Can I have checkpoints in Bayesian optimization for tuning hyperparameters of a neural network?

Question

0 votes

Hi there,

I'm trying to implement Bayesian Optimization on a BiLSTM network.

I'm planning to run this code in a university cluster but, they give us maximum of 2 days (48 hours) to run our job and if it goes beyond it, they automatically kill the job which probably will result in wasted time and resources for me and for other students waiting in que.

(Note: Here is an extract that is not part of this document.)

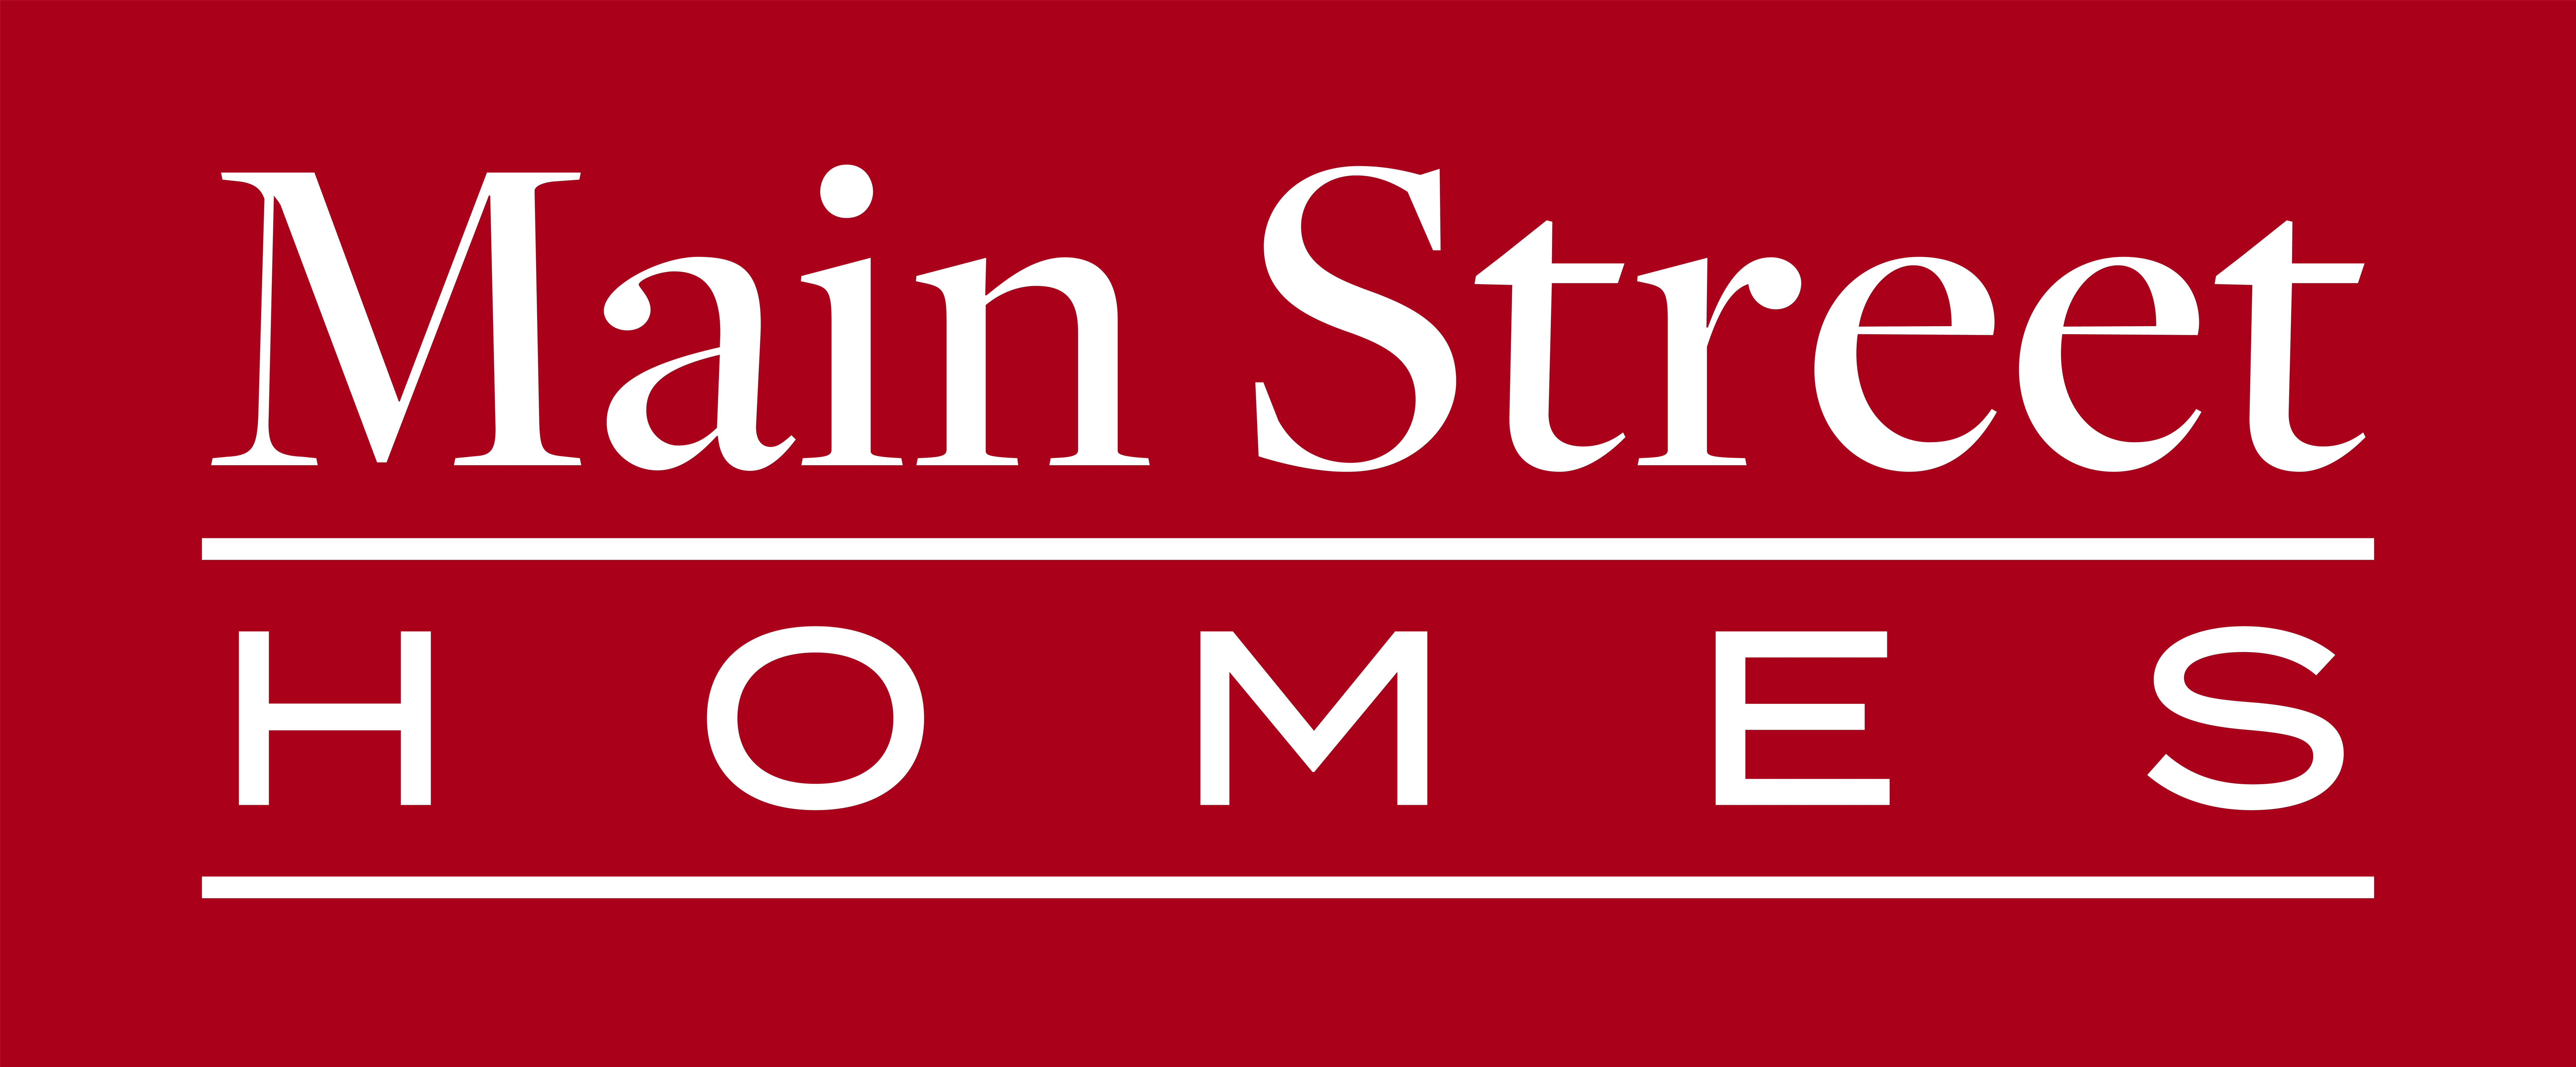 mainstreet-logo-RedBox-2017

I was wondering if it would be possible to implement some kind of a checkpoint for bayesopt() to continue from where the job is left off:

Basically, what I'm asking is if I can save my previous runs (variables bayesopt() observed) and load them in my next run and continue from where it stopped?

I have not seen any documentation related to this (I may have missed it).

My understanding with bayesopt() is that, the more points are observed, the more accurate the answers bayesopt() gives. Is this right? If so, that means I might want to try to run it for more than 2 days maybe. The number of cores I can request are limited (the more I request, the longer I wait in que) and from what I'm estimating, the most complex combination of variables can take between 40 mins to 1 hour to train and give me a result ( obviously, not every combination will take this much time).

Any help is appreciated.

Thank you.

0 Comments
Show -2 older comments Hide -2 older comments

Sign in to comment.

Sign in to answer this question.

Follow Question

Answer 1

Aditya Patil on 16 Nov 2020

Edited: Aditya Patil on 16 Nov 2020

Open in MATLAB Online

1 vote

Currently, there is no checkpointing argument. However, you can use the 'OutputFcn' argument along with the 'SaveFileName' argument to save to file, and the resume function to restart the process as follows,

x1 = optimizableVariable('x1',[-5,5]);
x2 = optimizableVariable('x2',[-5,5]);
fun = @rosenbrocks;
if exist('BayesoptResults.mat','file')
    load('BayesoptResults.mat');
    results = resume(BayesoptResults,...
    'SaveFileName', 'BayesoptResults.mat', ...
     'OutputFcn',{@saveToFile});
else
    results = bayesopt(fun, [x1, x2],'AcquisitionFunctionName',...
    'expected-improvement-plus', ...
    'SaveFileName', 'BayesoptResults.mat', ...
    'OutputFcn',{@saveToFile});
end
function f = rosenbrocks(x)
    f = 100*(x.x2 - x.x1^2)^2 + (1 - x.x1)^2;
end

Note that this saves to file on every iteration, so you might want to replace saveToFile with a custom function that saves occasionally, for performance reason.

The relevant docs are available here, resume and bayesopt.

10 Comments
Show 8 older comments Hide 8 older comments

Yildirim Kocoglu on 20 Nov 2020

Open in MATLAB Online

I'm just here to say that it really worked. Thank you very much Aditya, it works great!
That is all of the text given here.